El elenco es parte fundamental para hacer funcionar todo lo escrito por Susana Torres Molina y lo dirigido por Federico Nanyo. Ángel Blanco y Sofía González le dan vida a Pedro y Marta, conforman una pareja que busca satisfacer su deseo más profundo e íntimo pero con diferencias en la concreción del mismo. La dicotomía va más allá de sus vestimentas y se vuelve parte de sus personalidades ya que los orígenes y vivencias de cada uno son puestos sobre la mesa en fuerte contradicción. Pero será la pareja la que tenga una gran actuación en tanto que capta la esencia de lo requerido por el texto y la dirección. Merceditas Elordi se pone en la piel de Amalia, un personaje difícil en tanto el discurso que representa pero lo lleva con una fluidez admirable y un potente convencimiento de sus ideas y creencias. El Doctor Palacios es encabezado por Alejandro Botto de una manera llamativa, ya que la manipulación tanto psicológica como física, en sentido de su constante presencia en escena, sus movimientos precisos e imponentes, dan cuenta de una superioridad que intimida la historia que se cuenta.

“La Fundación” conlleva una catarata de emociones y sentimientos que te obliga a compartirlos con el otro ya que la reflexión está asegurada. De alguna manera u otra, todos fuimos atravesados por este período dictatorial y nos sentimos parte de sus consecuencias como sociedad. La impronta de cada personaje en sus diálogos se encadena armoniosamente en escena generando una creciente tensión construida a partir de sus interpretaciones, en conjunto con el inquietante final comprueban la vivencia de una experiencia movilizadora que es imposible de olvidar.

Reseña: No hay banda

El duelo es arte

Perder a alguien y saber que no estará más, salvo en tus recuerdos, además de transitar por las etapas de duelo, para cada artista se convierte en una forma de expresión. Las veces en que hemos querido presentar algo pero el miedo nos detiene, además de las críticas, entra la sensación de volver a tocar esa herida al retratarla de nuevo.



Martín Flores Cárdenas toca su propia cicatriz (que aún duele) en No hay banda.

«No creo que sea teatro documental,

tampoco una conferencia performática.

en realidad no es nada» Estos versos hacen la sinopsis de esta obra en la cuál Flores Cárdenas se desnuda para el público.

Un proyector que muestra un cortometraje, banquitos, mesas, lámparas, un micrófono y un teclado, conforman los elementos más importantes de No hay banda; estos le permitirán a Flores Cárdenas ir desarrollando su anti teatro en una puesta abstracta y personal.

No hay banda es un monólogo, un performance, una exposición o un desahogo.

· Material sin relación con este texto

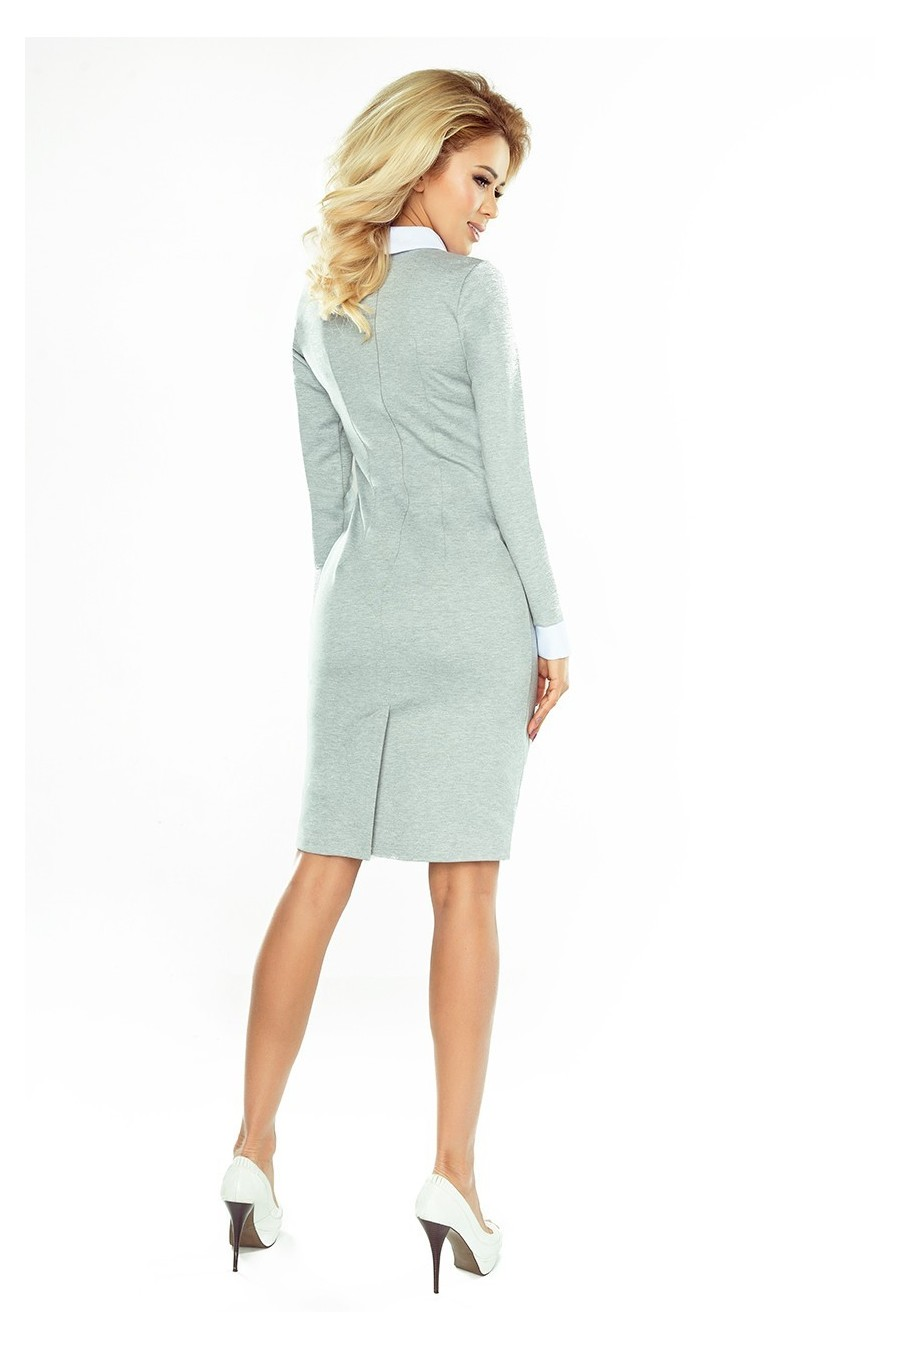 143-4 Šaty s bílým límečkem - šedé

Flores Cárdenas exhibe las heridas del duelo y las deconstruye en una pieza que se vuelve teatro anti teatro, documental anti documental, show anti show y todos los anti que se puedan agregar. No es más que una de las miles de formas no convencionales de contar algo sin agarrarse de lo obvio.

No hay banda es una ocurrente puesta en escena, llena de humor, sentimientos desnudos y un homenaje al pasado. Disponible los lunes a las 20:30 en Casa Estudio Teatro (Guardia Vieja 4257)

Escribió Sebastián Arismendi para La Butaca Web.